DATA SHOWN START

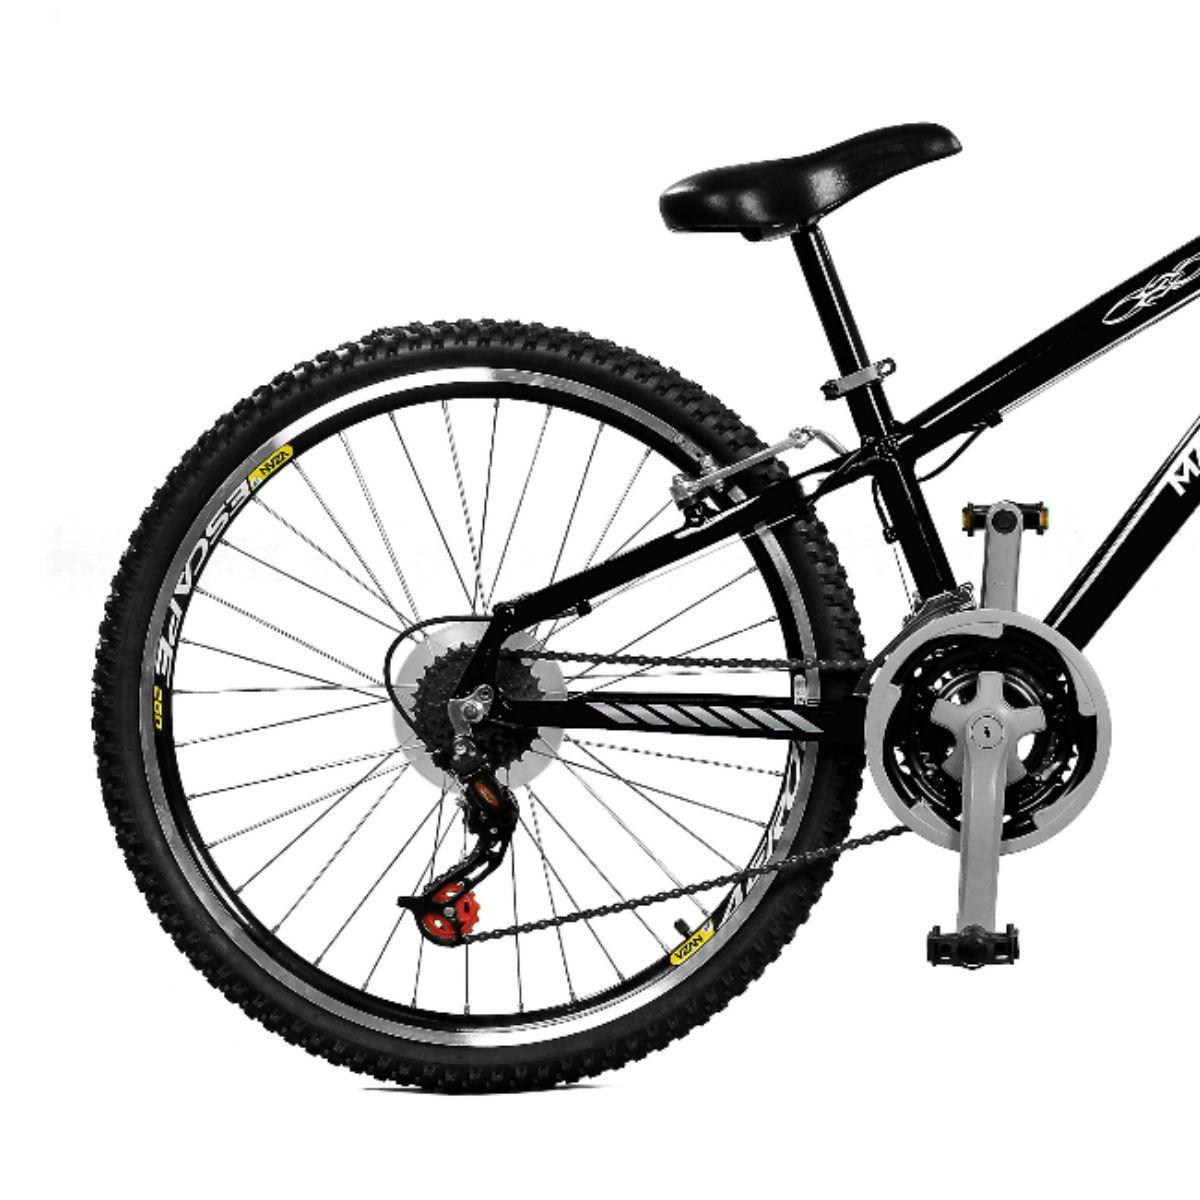 Bicicleta Master Bike Aro 26 Free Rider S A-36 21 Marchas Preto
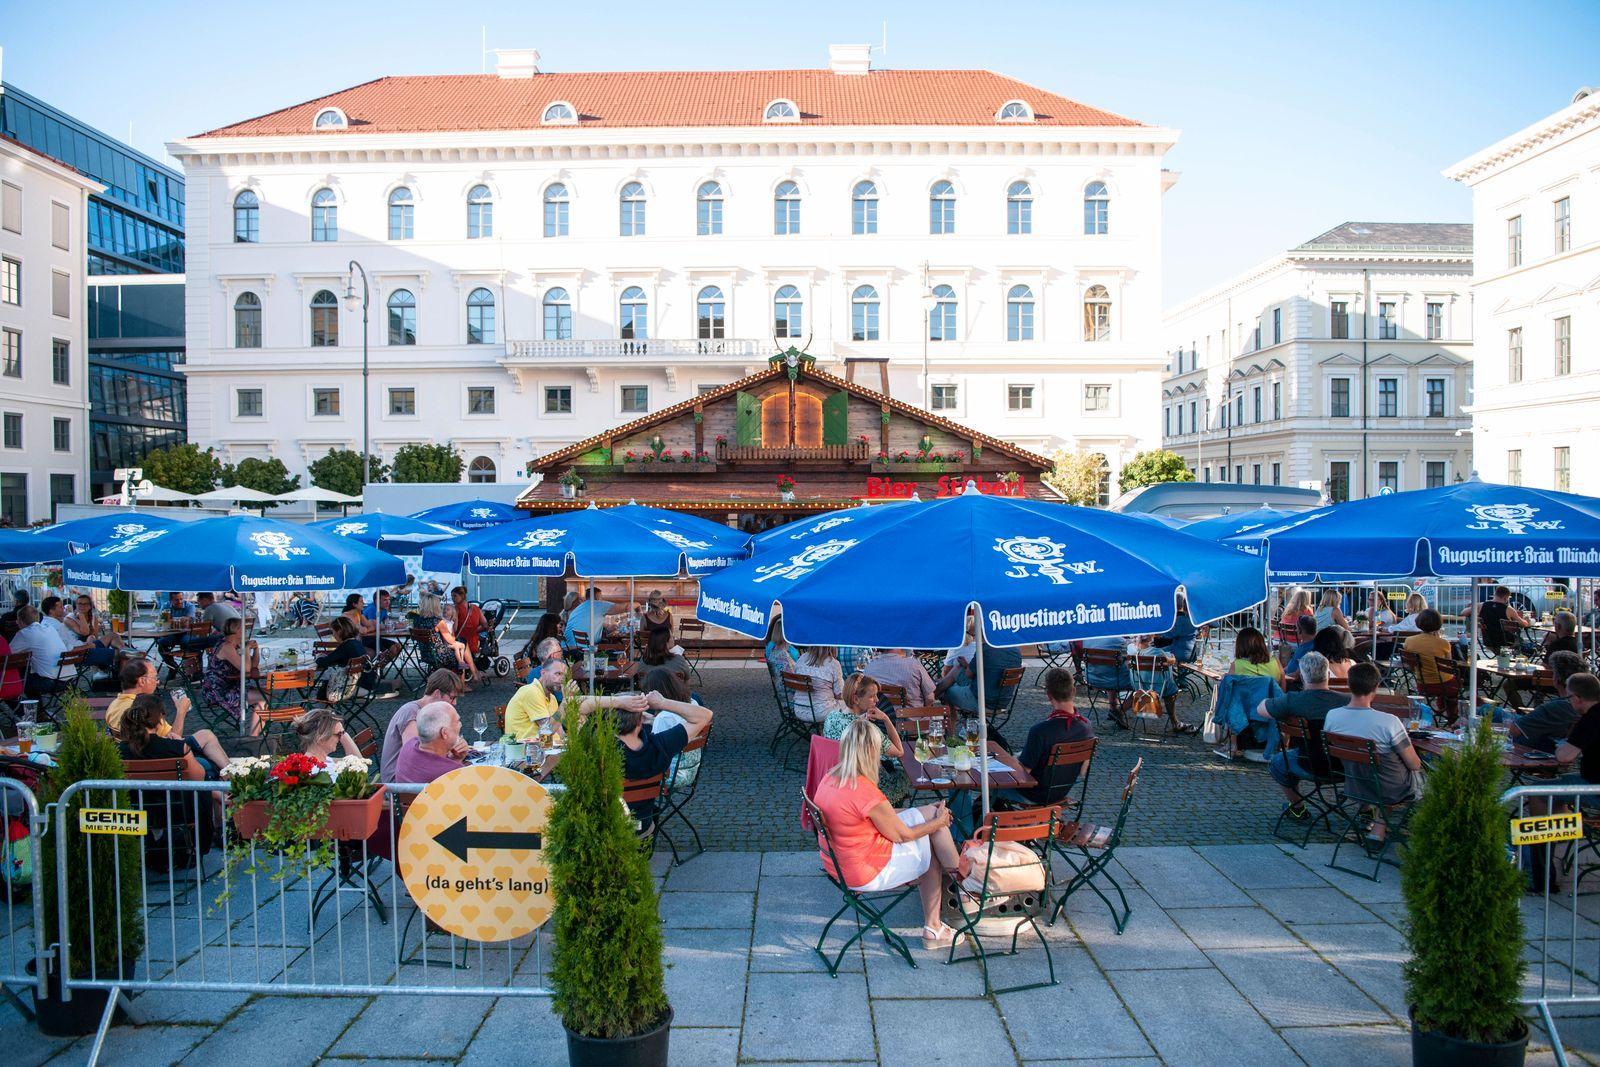 Muenchen, der Biergarten auf dem Wittelsbacher Platz-Sommer in der Stadt *** Munich, the beer garden on the Wittelsbache
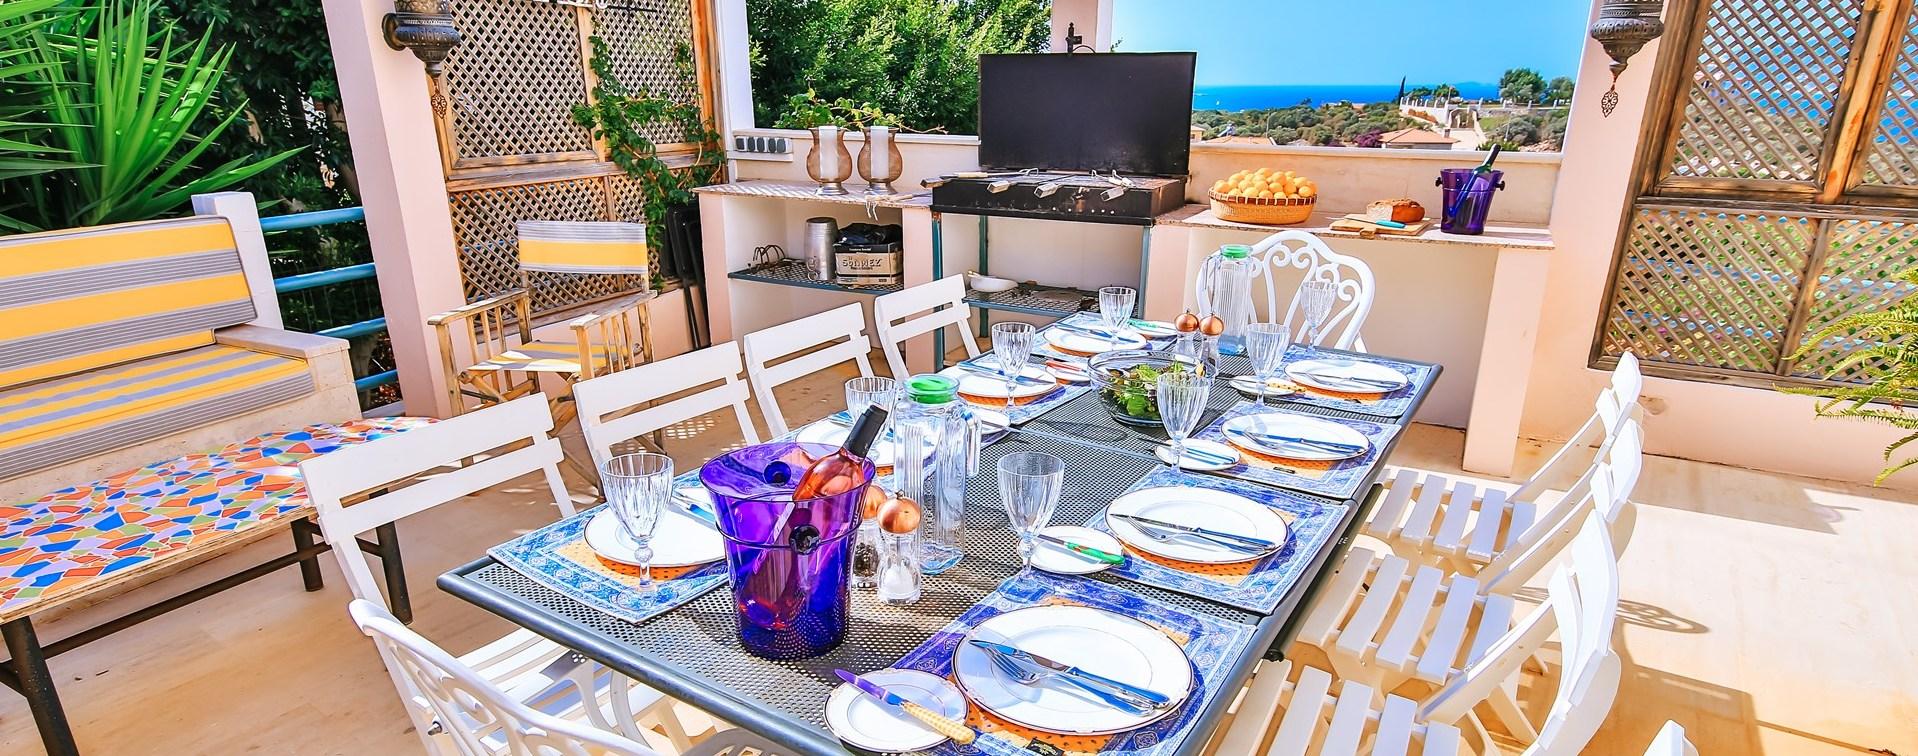 villa-kas-al-fresco-dining-terrace

DATA SHOWN END

--- DIRECTIONS ---
Everything from the line with "Muenchen, der Biergarten" through the last line of the listing above is to be copied exactly, both ends included, except the pictures.

--- WRITTEN REPLY ---
 Muenchen, der Biergarten auf dem Wittelsbacher Platz-Sommer in der Stadt *** Munich, the beer garden on the Wittelsbache
 villa-kas-al-fresco-dining-terrace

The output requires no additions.